# Advanced NLP with Transformers and Hugging Face

This notebook demonstrates how to use various models and tools from the Hugging Face ecosystem for natural language processing (NLP) tasks. The notebook covers:

1. **Loading and Using a Transformer Model**
2. **Performing Inference with Mixed Precision**
3. **Generating Responses Using a Transformer Model**
4. **Using the Hugging Face Inference API**
5. **Using Microsoft TTS API for Text-to-Speech**

Let's start by setting up our environment.

In [1]:
# Importing necessary libraries
from transformers import AutoTokenizer, AutoModelForCausalLM
import torch
from torch.cuda.amp import autocast
import requests
from IPython.display import Audio

## 1. Load Tokenizer and Model
First, we'll load a pre-trained tokenizer and model from the Hugging Face model hub. In this case, we use the `mistralai/Mistral-7B-v0.1` model.

In [2]:
# Load tokenizer and model
tokenizer = AutoTokenizer.from_pretrained("mistralai/Mistral-7B-v0.1")
model = AutoModelForCausalLM.from_pretrained("mistralai/Mistral-7B-v0.1")

# Move model to GPU
device = torch.device("cuda" if torch.cuda.is_available() else "cpu")
model.to(device)

## 2. Perform Inference with Mixed Precision
To improve performance and reduce memory usage, we can use mixed precision inference. We define a function `infer` to tokenize the input text and perform inference using mixed precision.

In [3]:
def infer(input_text):
    # Tokenize input
    inputs = tokenizer(input_text, return_tensors="pt").to(device)
    
    # Perform inference with mixed precision
    with autocast():
        outputs = model(**inputs)
    
    # Clear GPU cache
    torch.cuda.empty_cache()
    
    # Process outputs
    return outputs

# Example usage
input_text = "Your input text here"
outputs = infer(input_text)
print(outputs)

## 3. Generate Responses Using Transformer Model
We also define a function `generate_response` to generate responses based on a prompt. This function uses the `generate` method of the model and decodes the generated text.

In [4]:
def generate_response(prompt):
    inputs = tokenizer(prompt, return_tensors="pt").to(device)
    outputs = model.generate(
        inputs.input_ids,
        max_length=100,
        num_return_sequences=1,
        pad_token_id=tokenizer.eos_token_id,
    )
    return tokenizer.decode(outputs[0], skip_special_tokens=True)

# Example query
query = "What is the impact of AI on modern healthcare?"
response = generate_response(query)
print(response)

## 4. Use the Hugging Face Inference API
We demonstrate how to use the Hugging Face Inference API for a model named `mistralai/Mistral-7B-Instruct-v0.1` to handle chat completions. This part requires an API token for authentication.

In [5]:
from huggingface_hub import InferenceClient

client = InferenceClient(
    "mistralai/Mistral-7B-Instruct-v0.1",
    token="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",
)

for message in client.chat_completion(
    messages=[{"role": "user", "content": "Who is obama?"}],
    max_tokens=500,
    stream=True,
):
    print(message.choices[0].delta.content, end="")
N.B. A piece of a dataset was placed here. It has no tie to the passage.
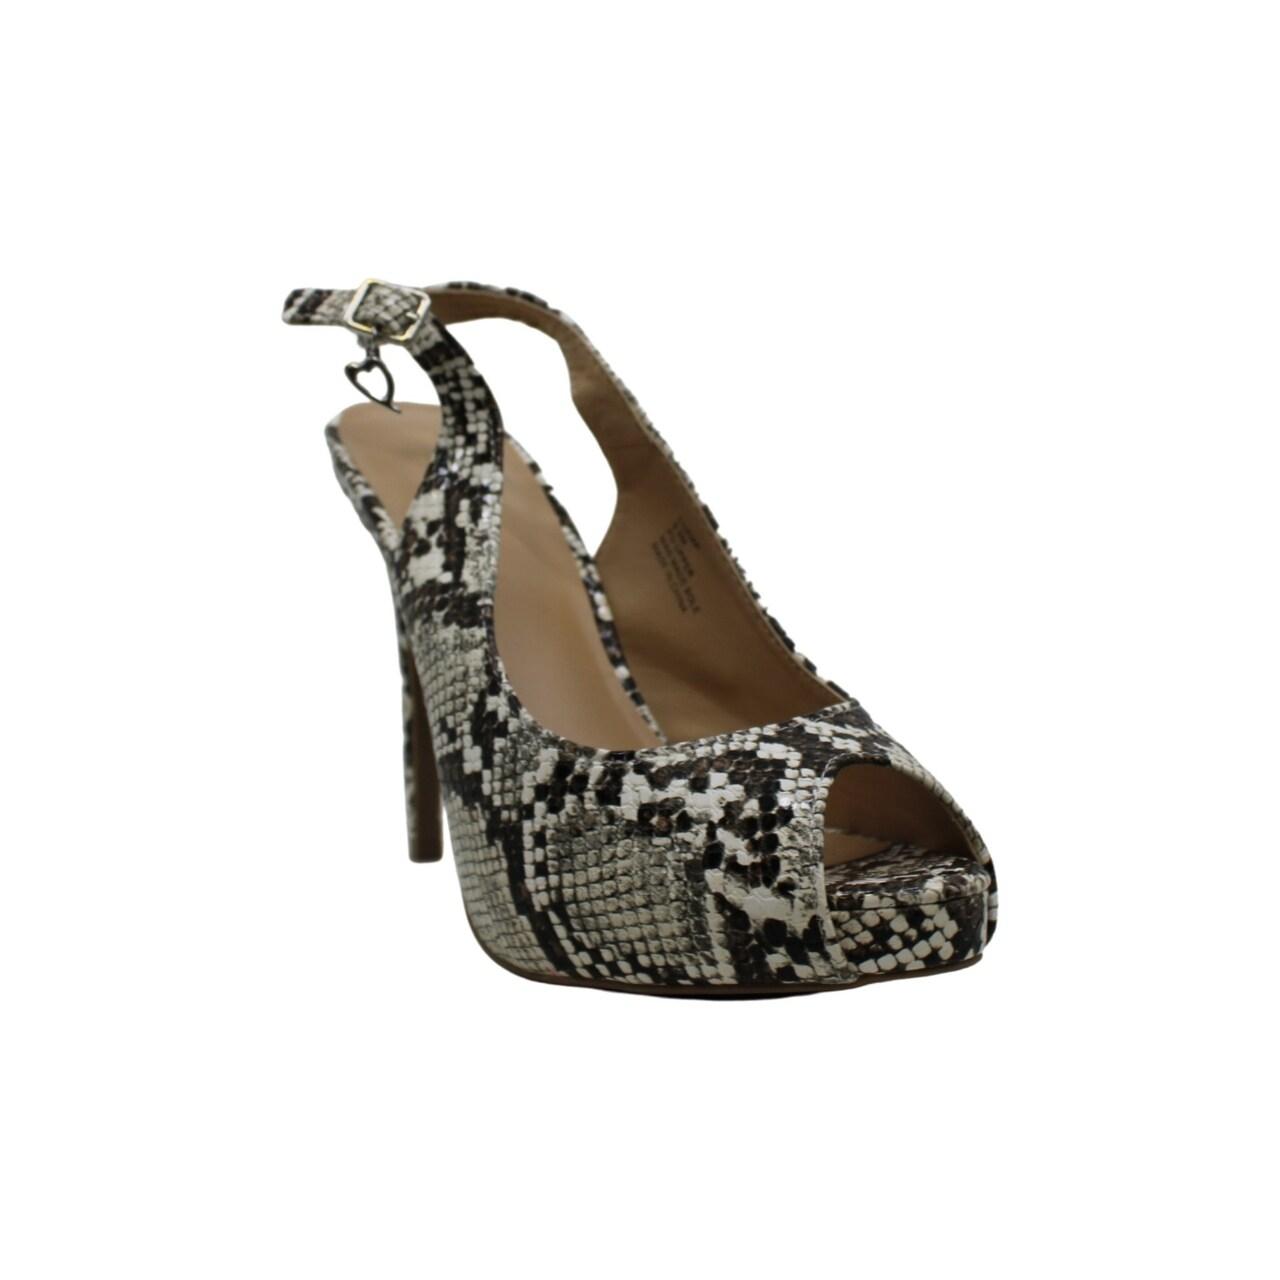 Thalia Sodi Womens Luzia Slingbacks Stiletto Peep-Toe Heels Shoes BHFO 0987

## 5. Use Microsoft TTS API for Text-to-Speech
Finally, we show how to use Microsoft's Text-to-Speech API to convert text into speech. We use an API endpoint and handle the response to get the audio output.

In [6]:
API_URL = "https://api-inference.huggingface.co/models/microsoft/speecht5_tts"
headers = {"Authorization": "Bearer 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"}

def query(payload):
    response = requests.post(API_URL, headers=headers, json=payload)
    return response.content

audio_bytes = query({
    "inputs": "How are you?",
})

# Display the audio
Audio(audio_bytes)